Page last updated at 20:52 GMT, Friday, 2 May 2008 21:52 UK

US jobs data ease economy fears

Jobseekers at a jobs fair in California
Payrolls have fallen for four months in a row

US job figures have surprised Wall Street, falling less than expected and shifting the balance of opinion towards analysts not predicting a recession.

The US economy lost 20,000 jobs in April, according to non-farm payrolls figures from the Labor Department.

Earlier in the week, the Federal Reserve cut interest rates, but reduced its stress on the risks to the economy.
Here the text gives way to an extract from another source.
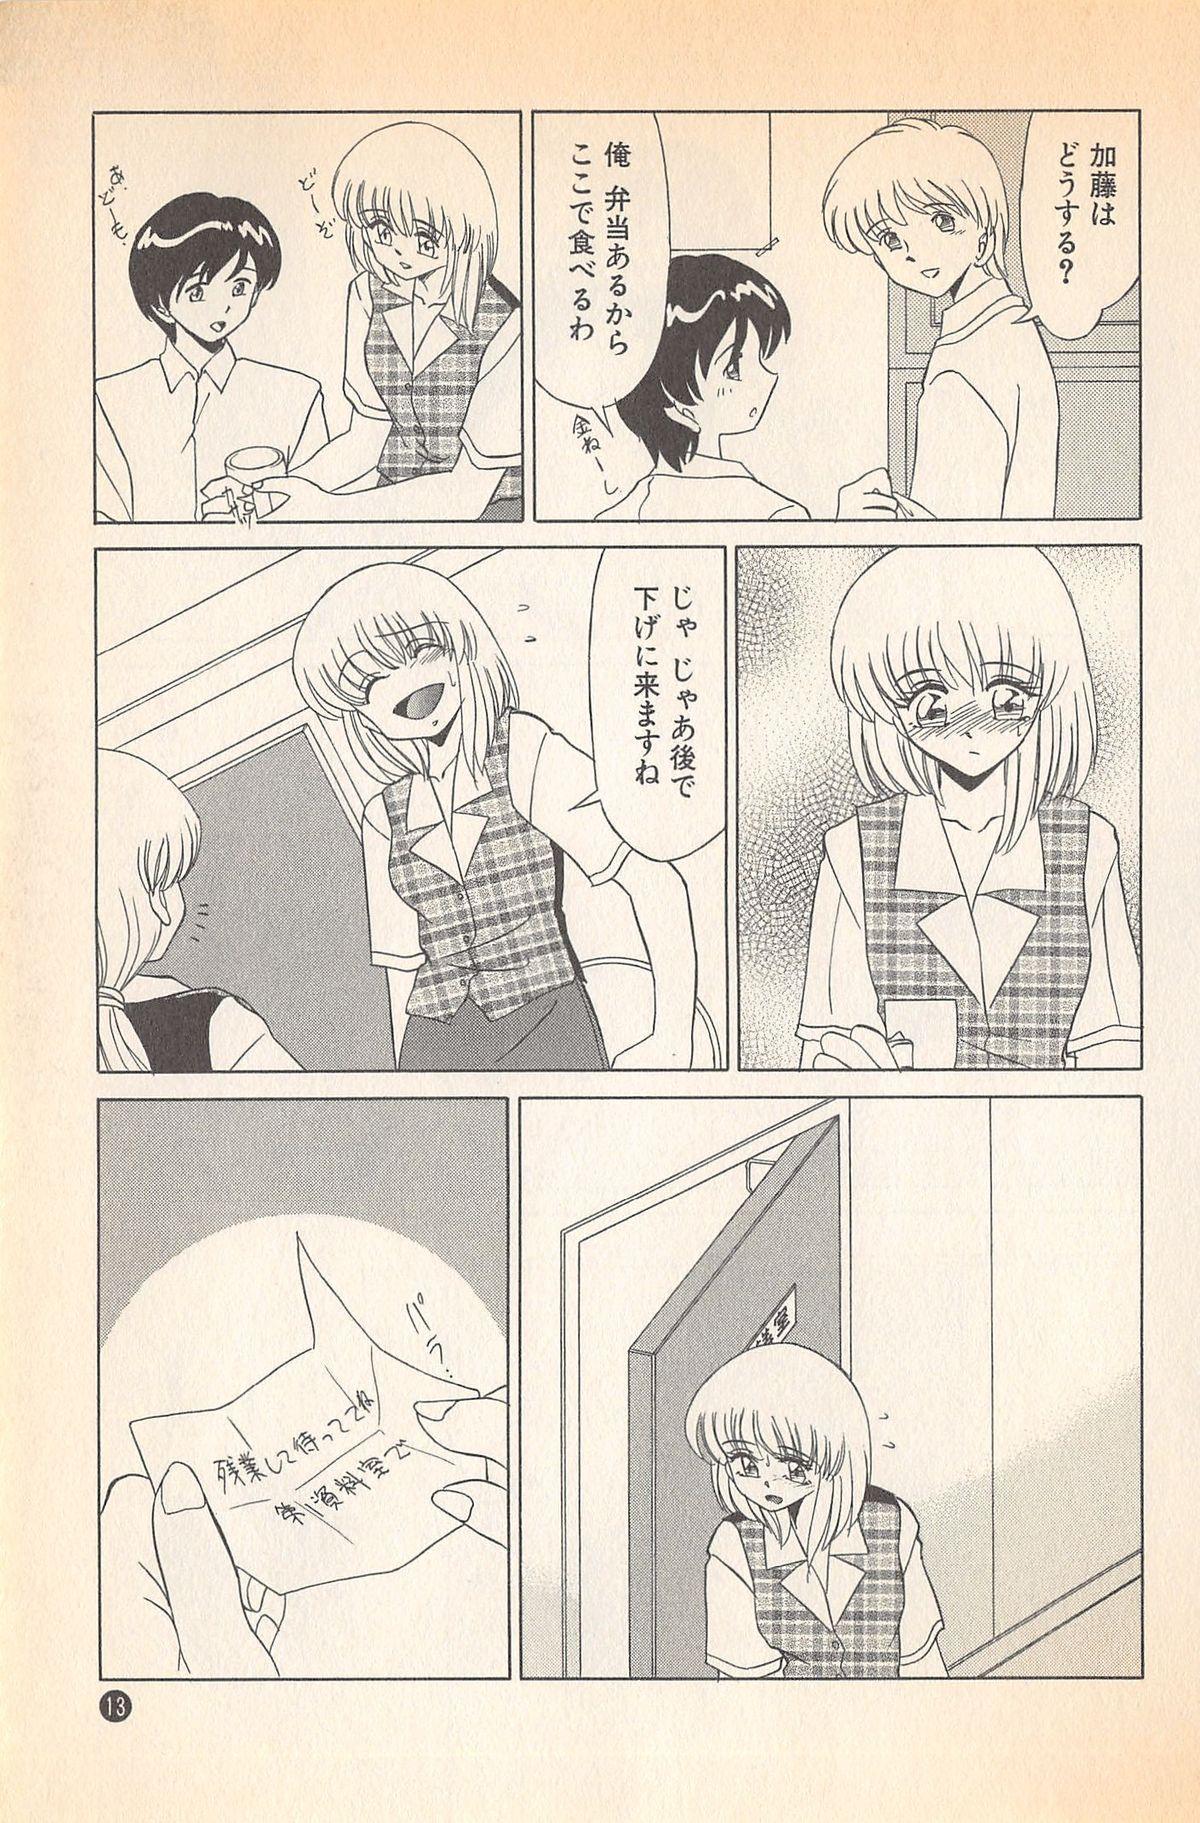 Doki Doki no Shikumi 14

As a result of the upbeat news, the Dow Jones Industrial Average stock index closed 48 points higher on Friday.

Big improvement

US Treasury bond prices fell sharply when the unemployment figures were released, as they suggest the economy may not be faring as badly as had been thought and investors decided that interest rate cuts may now be put on hold.
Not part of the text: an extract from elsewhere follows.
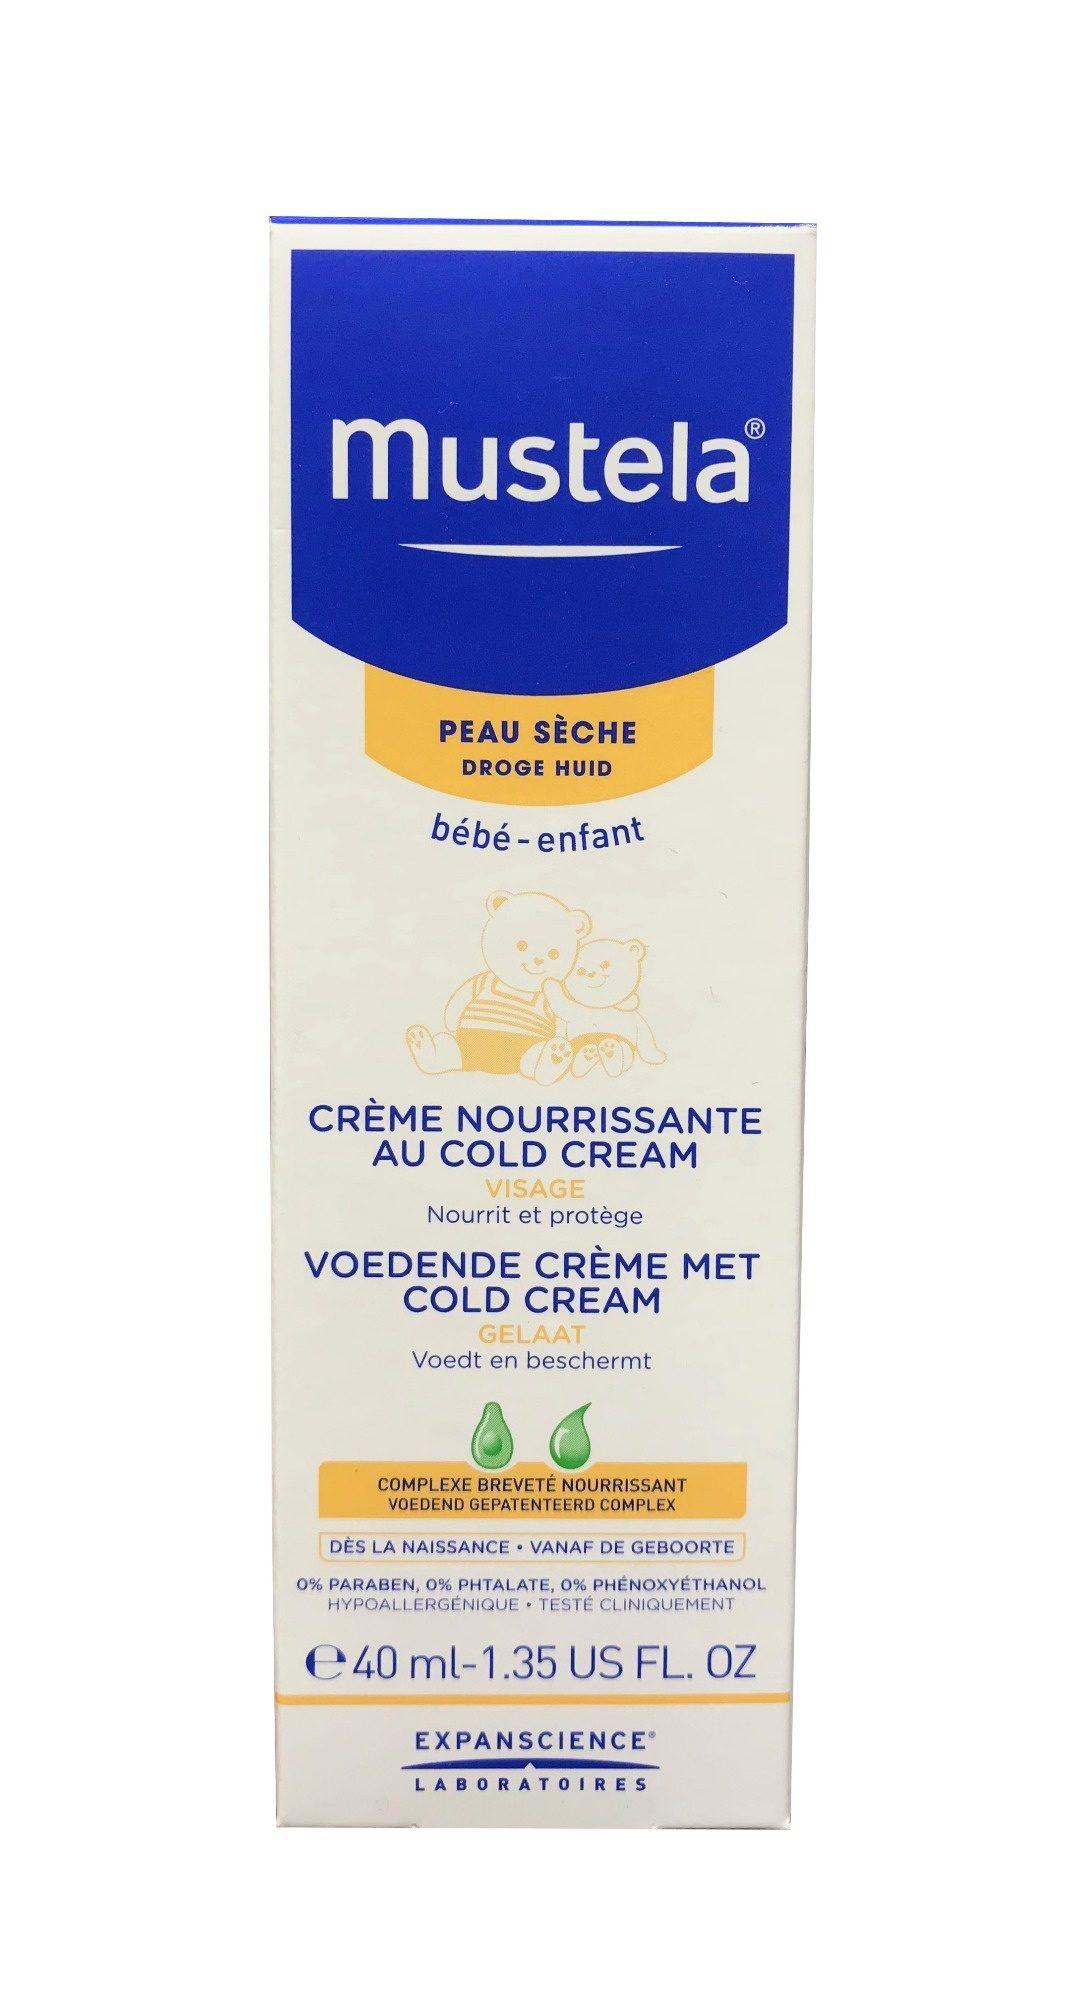 Crème nourrissante au cold cream - Product - fr

It looks as if employers are being cautious about cutting employment too severely
Pierre Ellis,
Decision Economics

"Job losses are way below the recession norm for this point of business cycle, if this is recession," said Robert Brusca at FAO Economics.
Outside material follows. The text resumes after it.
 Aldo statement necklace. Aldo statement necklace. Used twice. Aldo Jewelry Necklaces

"Many things do not really add up for the recession forecasters."

The payrolls figure was a big improvement from the 81,000 jobs lost in March and comes just as consumers are receiving their tax rebate cheques as part of the government's stimulus package.

At the same time, the jobless rate fell to 5% from 5.1% in March, when it had been expected to increase to 5.2%.

"It's a lot better than expected, both in terms of the non-farm payroll number and the unemployment rate, so it looks like the economy is in better shape than we thought," said Owen Fitzpatrick of Deutsche Bank Private Wealth Management.

"It's a positive, but I don't think it'll be a blowout positive."

"This will alleviate some of the concerns that we're in for a steep reduction in employment and a prolonged, drawn-out recession."

US President George Bush expressed disappointment that the unemployment figures were rising, saying it was "a sign that this economy is not as robust as any of us would like it".

But he stressed that it remained "resilient".

"This economy is going to come on, I am confident it will," he told an audience in Missouri.

Cautious employers

One of the big areas of job growth in April was professional and business services, while there was a small fall in the average number of hours worked per week to 33.7.

"It looks as if employers are being cautious about cutting employment too severely," said Pierre Ellis at Decision Economics in New York.

Construction of the new Yankee Stadium in New York
The construction sector is under significant pressure in the US

"This may well show a pattern of increased use of outside service providers as the outlook becomes more uncertain," he added.

While the payroll figure was better than had been expected, it was still the fourth consecutive month of falls as the economy continued to slow.

The drop meant it was the worst run of negative payrolls figures since the five month run from February to June 2003.

"This is a blip against a deteriorating trend, though don't expect the bulls on Wall Street to see it that way," said Ian Shepherdson of High Frequency Economics.

Key sectors

"All the payroll improvement was in the service-providing sector," he said, pointing to a 61,000 decline in jobs in construction, and a 46,000 slide in manufacturing jobs.

"Expect much weaker headlines in May," he warned.

Other analysts also voiced concerns about the strength of employment in some industries, such as retailing, which lost 27,000 jobs.

"If you isolate the cyclical industries, employment is dropping quite quickly," said Avery Shenfeld at CIBC World Markets.

"It's still not a sign the labour market is healthy."

Factory orders

There was more good news for the US economy in the latest factory goods orders.

Orders placed with US factories rose 1.4% in March following two months of falls.

The figures were better than had been expected, with much of the growth coming from non-durables, a category excluding big-ticket items such as cars and machinery.

Non-durables grew 2.6% while durables only rose 0.1%.